Alas ‘Little T&A’ is another of Keith Richard’s hopelessly misguided misogynistic songs, the like of which had already cluttered up ‘Emotional Rescue’ and will be the nadir of the next couple of Stones albums too. Sure, we’re used to hearing the Stones be the bad boys of rock, uncaring about their feelings of the women in their song, but what’s more depressing is that this song isn’t a generic rock and roller – it really is Keith’s idea of a love song to the new love of his life Patti Hansen (the pair are still together, in the longest union of Keith’s life). In case you haven’t realised, the title refers to ‘little tits and ass’ and the song goes downhill from there rhyming ‘snitch’ with ‘bitch’ and adding the bad-sex-in-rock-lyrics award with lines like ‘you’ve got my juices pumping baby’. History hasn’t recorded what Patti thought on hearing the track but you doubt she’s have been swept off her feet somehow. That’s a shame because there’s a good song in here somewhere – Keith starts off in the first verse recording what’s around him while he writes in the recording studio (‘The heat’s raiding, the track is fading’) before updating his long list of semi-autobiographical tracks with lines about his new life as a reformed drug outlaw (‘The scars are healing, though the dealers’ still squealing’) which would both have made for a far more interesting song. The melody is pretty fun too, in a retro sort of a way, with the song’s riff the most blatant steal from Chuck Berry the band had come up with for some time. Charlie Watts is particularly at home here and enjoys filling in the ‘spaces’ with dashes of colour and interesting ideas which he simply hasn’t had a chance to on the bottom-heavy Stones’ records for some time. The song could have been worse, though – the backing track for this record was first listed as ‘Bulldog’ during the ‘Emotional Rescue’ sessions...

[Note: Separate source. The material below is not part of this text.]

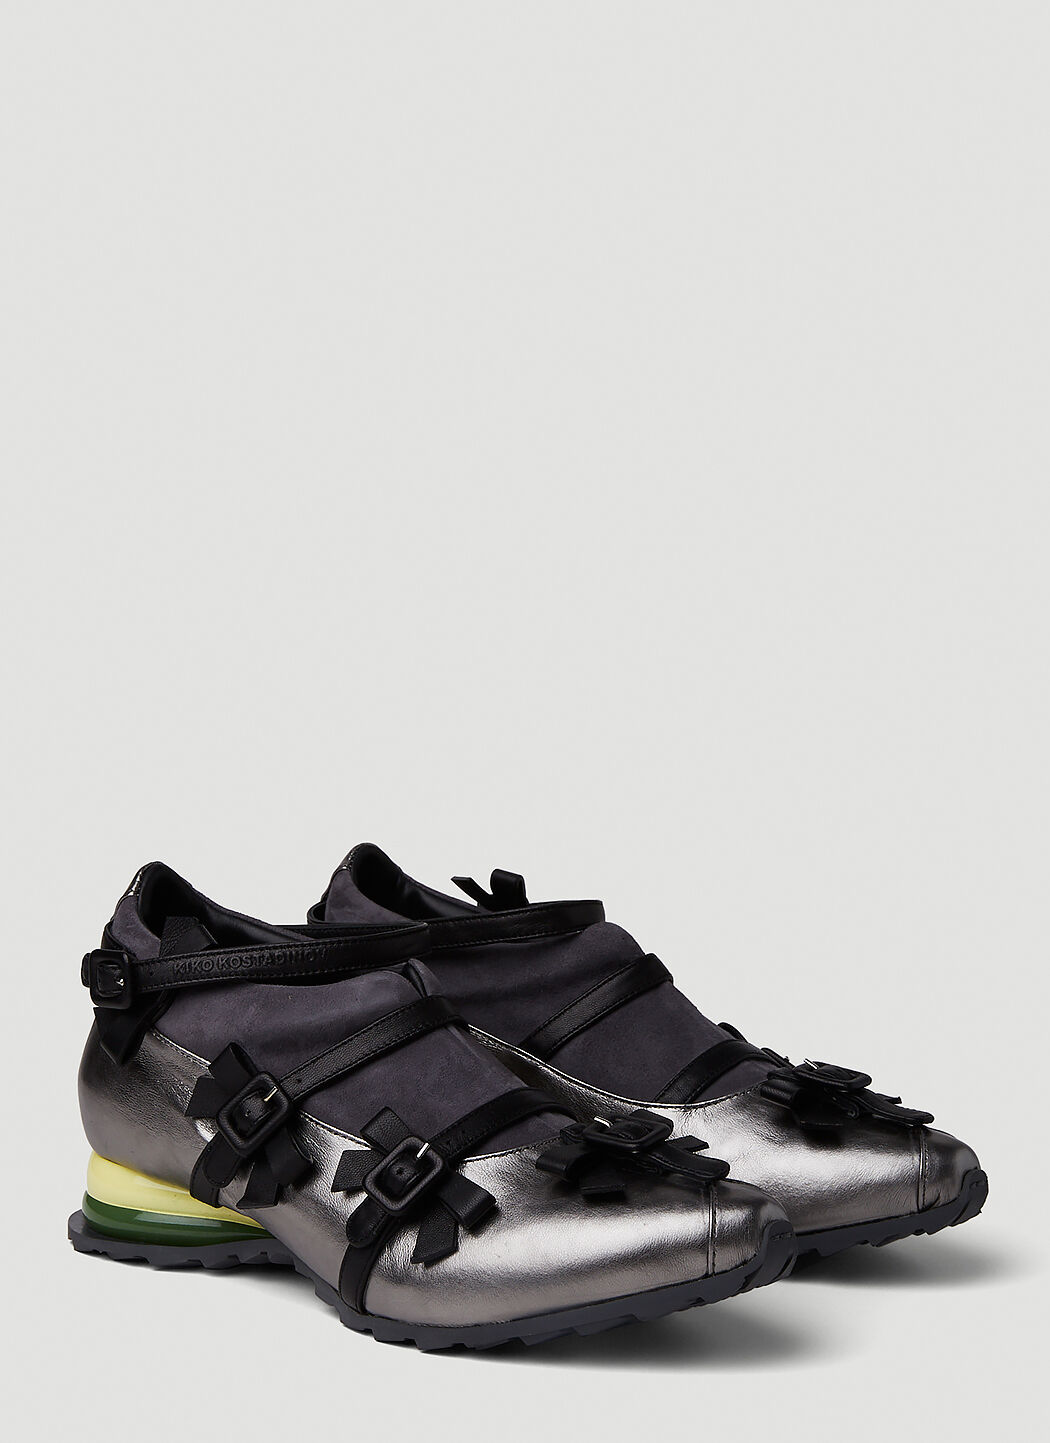 Kiko Kostadinov Hybrid Mary Jane Sneakers | LN-CC

‘Black Limousine’ is more fun retro grooves from the Stones, this time delving back into their blues heritage with a delightful song about the narrator’s social and economic fall from grace which may or may not be autobiographical (believe it or not the Stones were struggling financially a little bit till this hardly-any-work-needed album got them out of a hole). The trouble with writing about these sorts of a song is that they all sound the same and, frankly, the Ronnie Wood era line-up of this band can’t compare to previous versions recorded by the Brian Jones or Mick Taylor versions of the band. That said, I’d rather hear the (semi)modern Stones stretching themselves than repeating their old rock and roll styles and ‘Limousine’ has two things going for it; a superb adrenalin rush guitar solo from Richards and better than average lyrics. Unusually for the Stones the narrator lets his guard slip, admitting that he’s ‘scared’ to see people living off the streets and knows that he might well have been there himself if not for a ‘crazy dream’ of success. There’s a sign of the old Jagger showing at the end of the second verse, though, spotting a familiar face in the crowd, ‘washed up’ and ‘wrecked out’ and laughing ‘look at our face baby – look at you now look at me!’ This might be simply Jagger writing in character, but there’s a grain of truth about his old partner Marianne Faithful who was in the process of making a comeback when this album was released after years living homeless on the streets of London. It’s tempting to see this whole song as Jagger singing to his old beau, perhaps spying her in the crowds on a rare trip back to the UK, which gives this song’s lyrics some real emotional depth (‘Those dreams are gone baby, locked away and never seen’ Jagger purrs, almost sympathetically, at the end of the song). The song was actually recorded for ‘Some Girls’ and may well have been left off the album because stylistically it sounded so different to their other ‘punkish’ songs; that’s a shame because the band were clearly quite fond of it, this being the only song bar ‘Start Me Up’ and ‘Waiting On A Friend’ to make it into the band’s set lists. Note the rare credit to Ronnie Wood in the album credits, one of only three in his career as a Stone so far. Another of the album highlights.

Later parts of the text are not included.